### What to produce
Using the data below, return word for word every line from the one holding "Sibhu Prints - Monthly" down to the one holding "RepublicanCandidates for N.C.". Leave pictures out.

### Records for this exercise
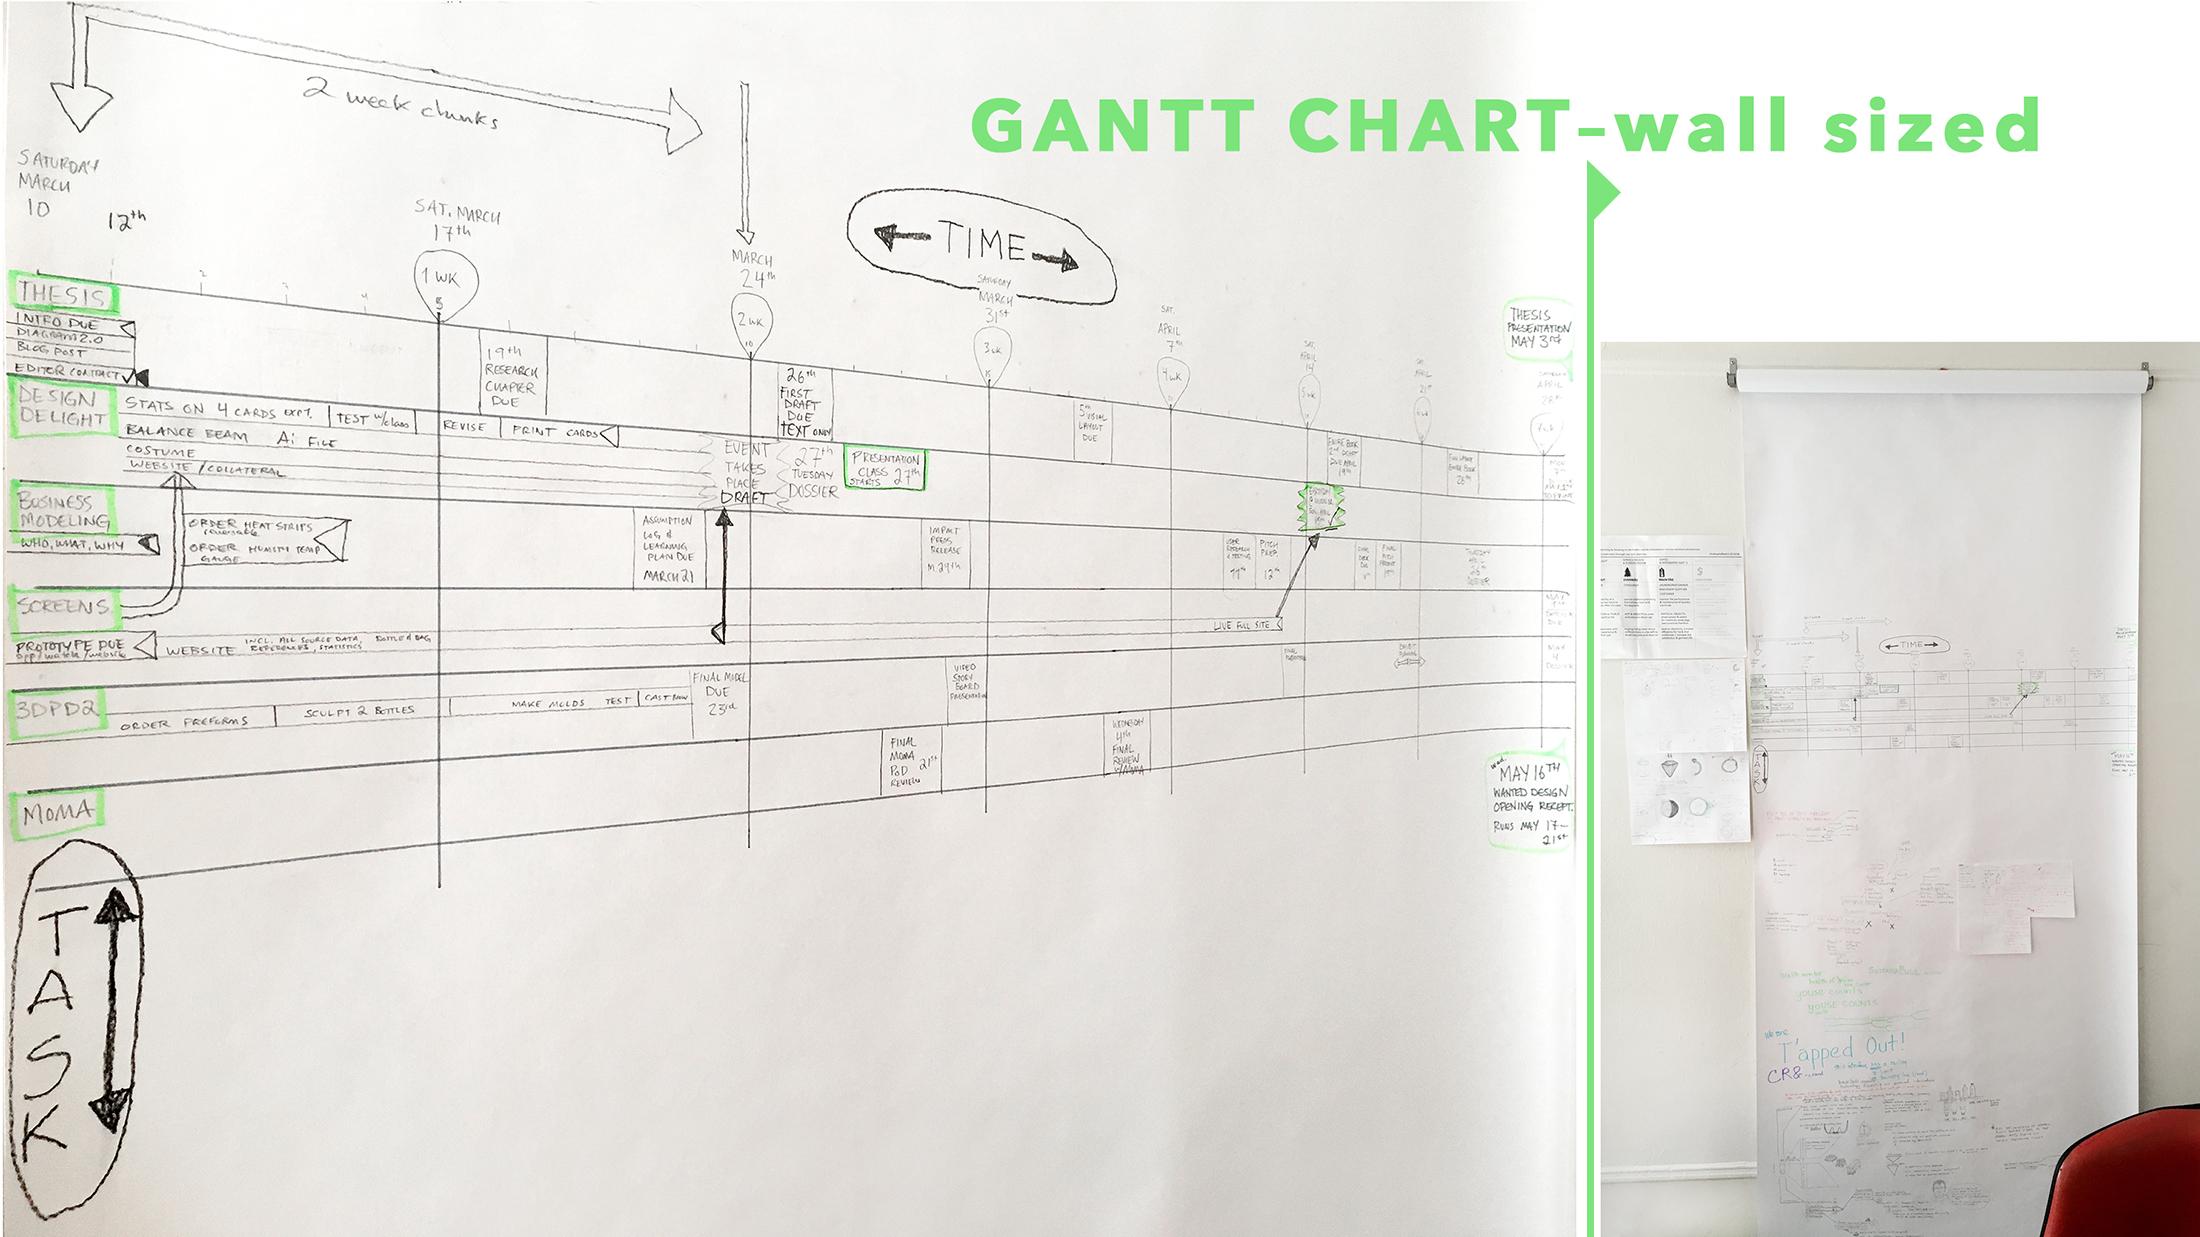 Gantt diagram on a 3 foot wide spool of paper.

* * *

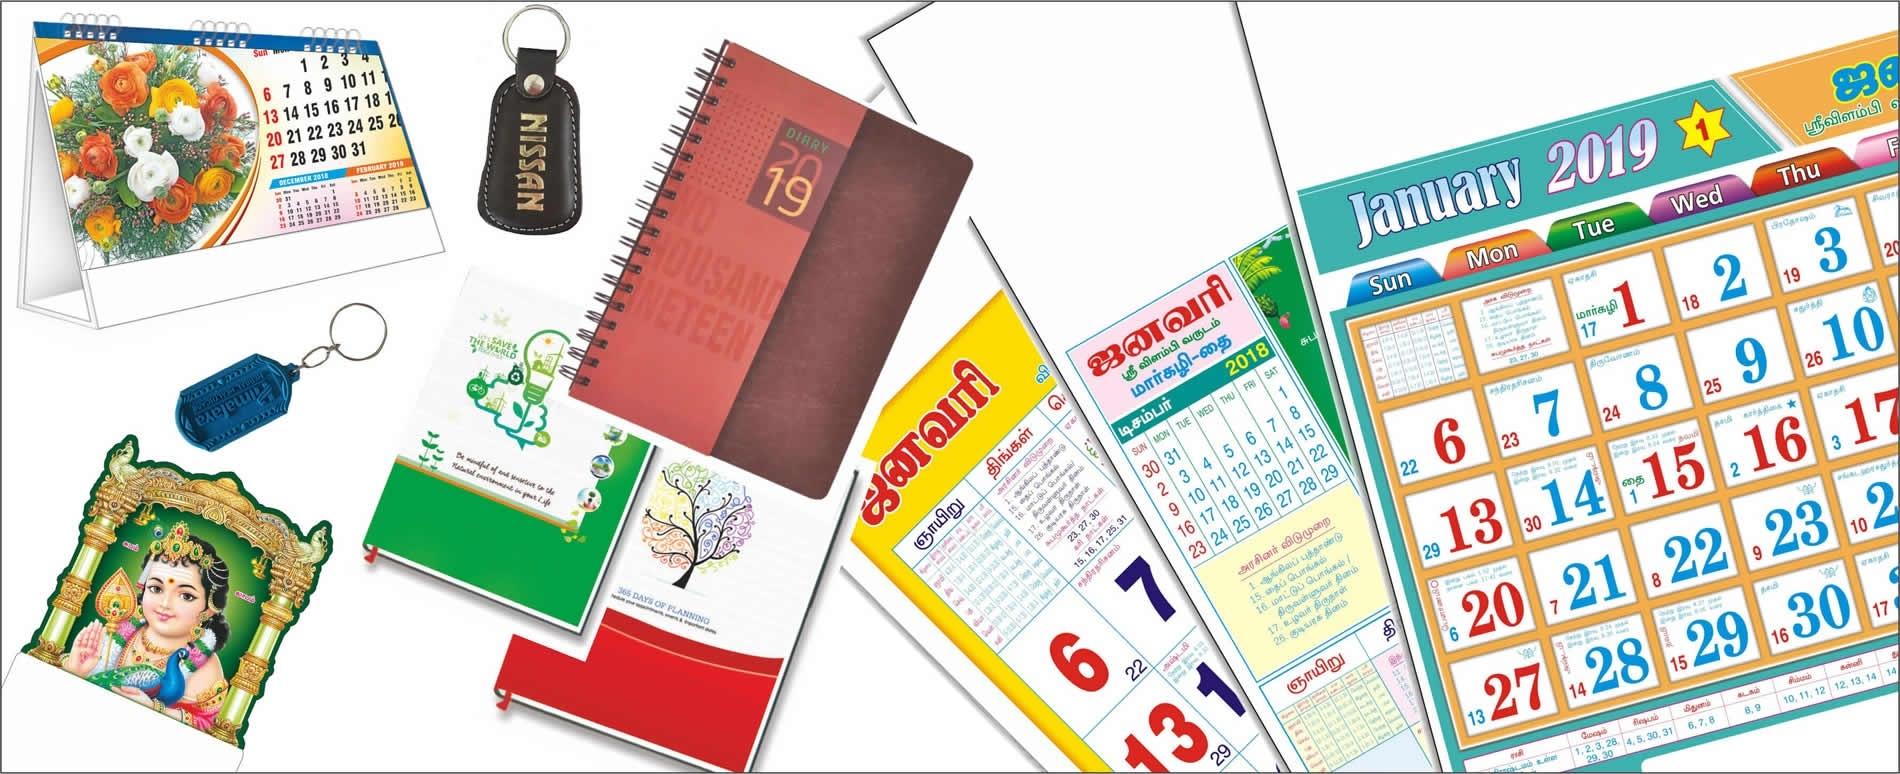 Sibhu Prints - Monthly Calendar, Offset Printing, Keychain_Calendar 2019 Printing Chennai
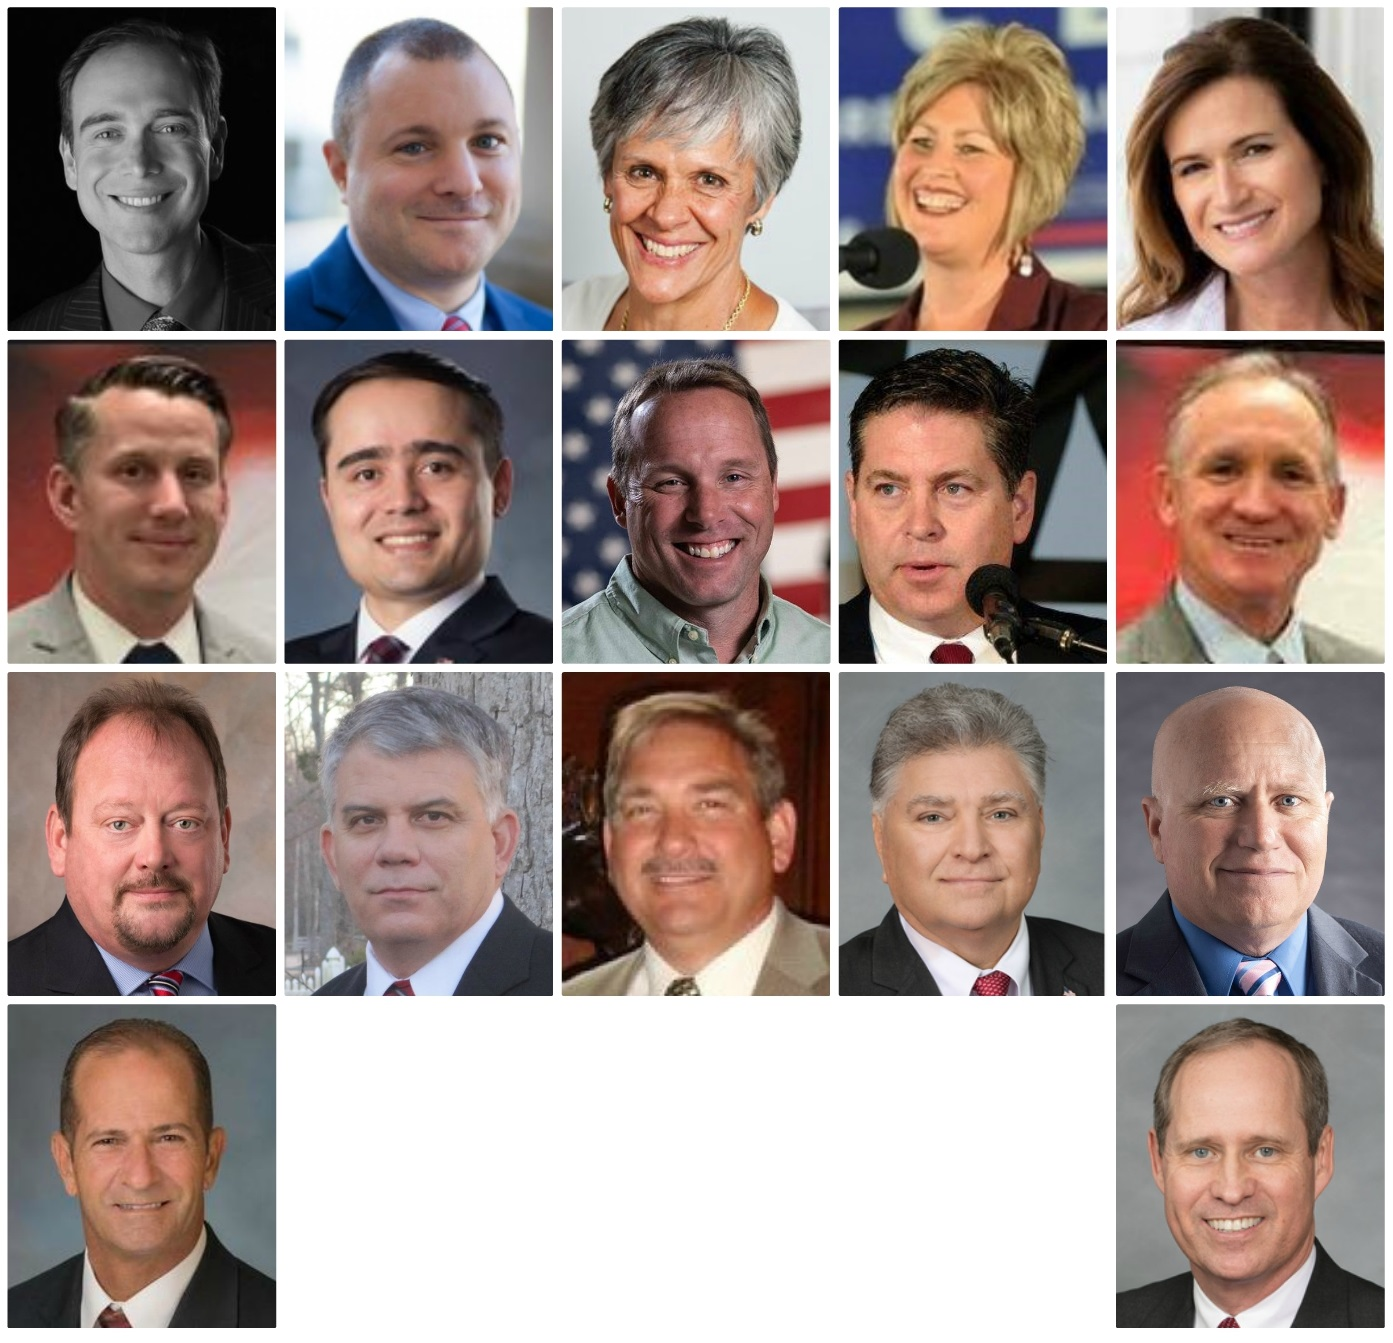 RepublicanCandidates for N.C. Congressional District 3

--

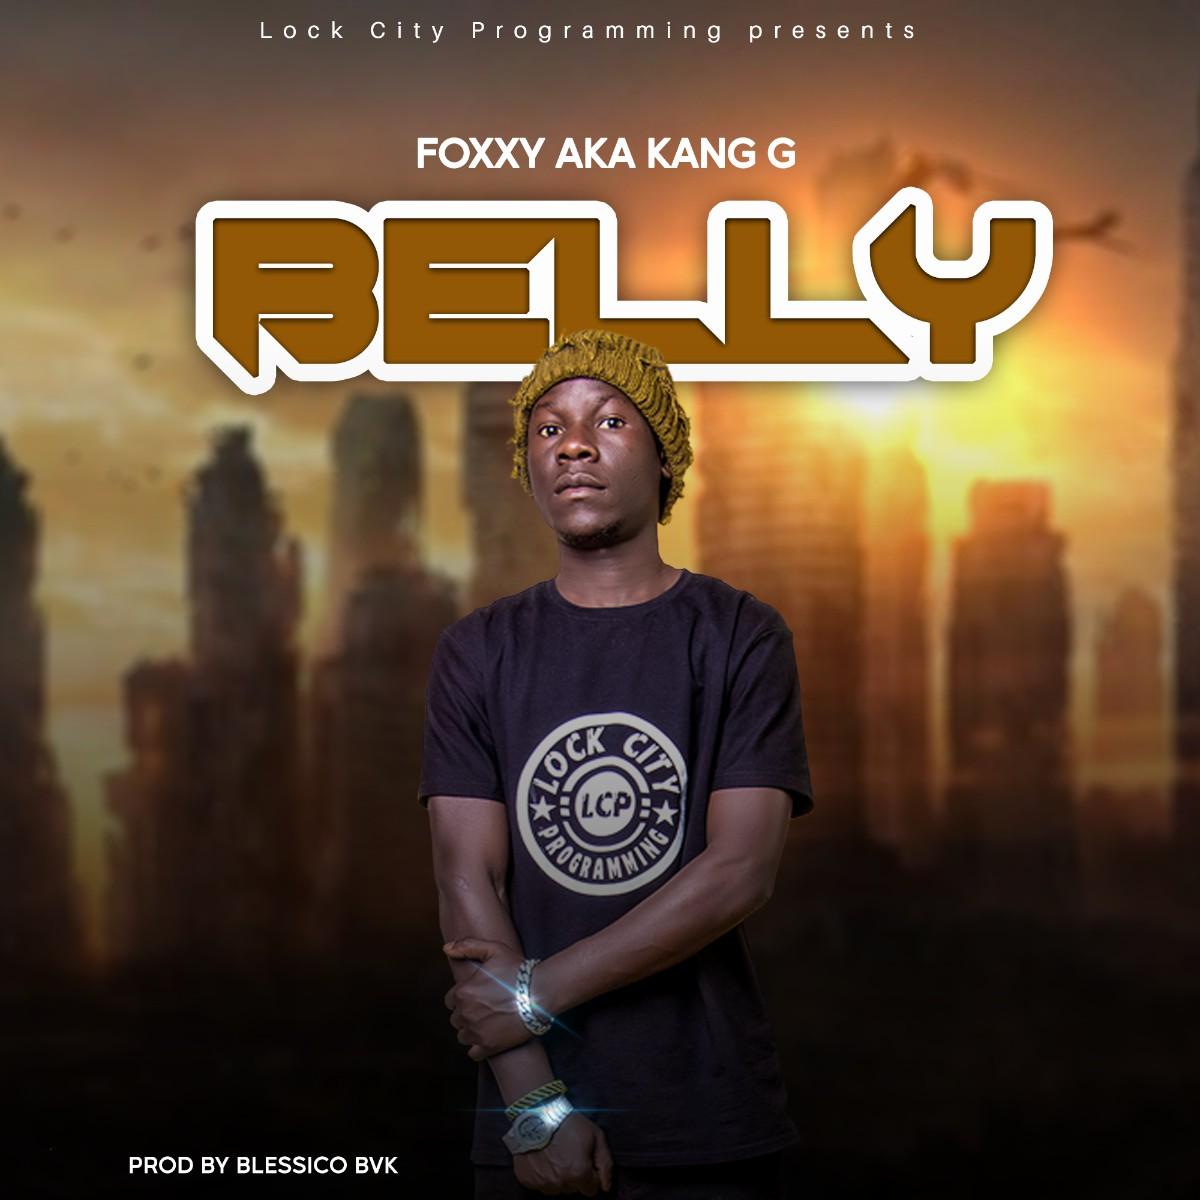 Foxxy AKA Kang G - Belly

### Response to this task
 Sibhu Prints - Monthly Calendar, Offset Printing, Keychain_Calendar 2019 Printing Chennai
 RepublicanCandidates for N.C. Congressional District 3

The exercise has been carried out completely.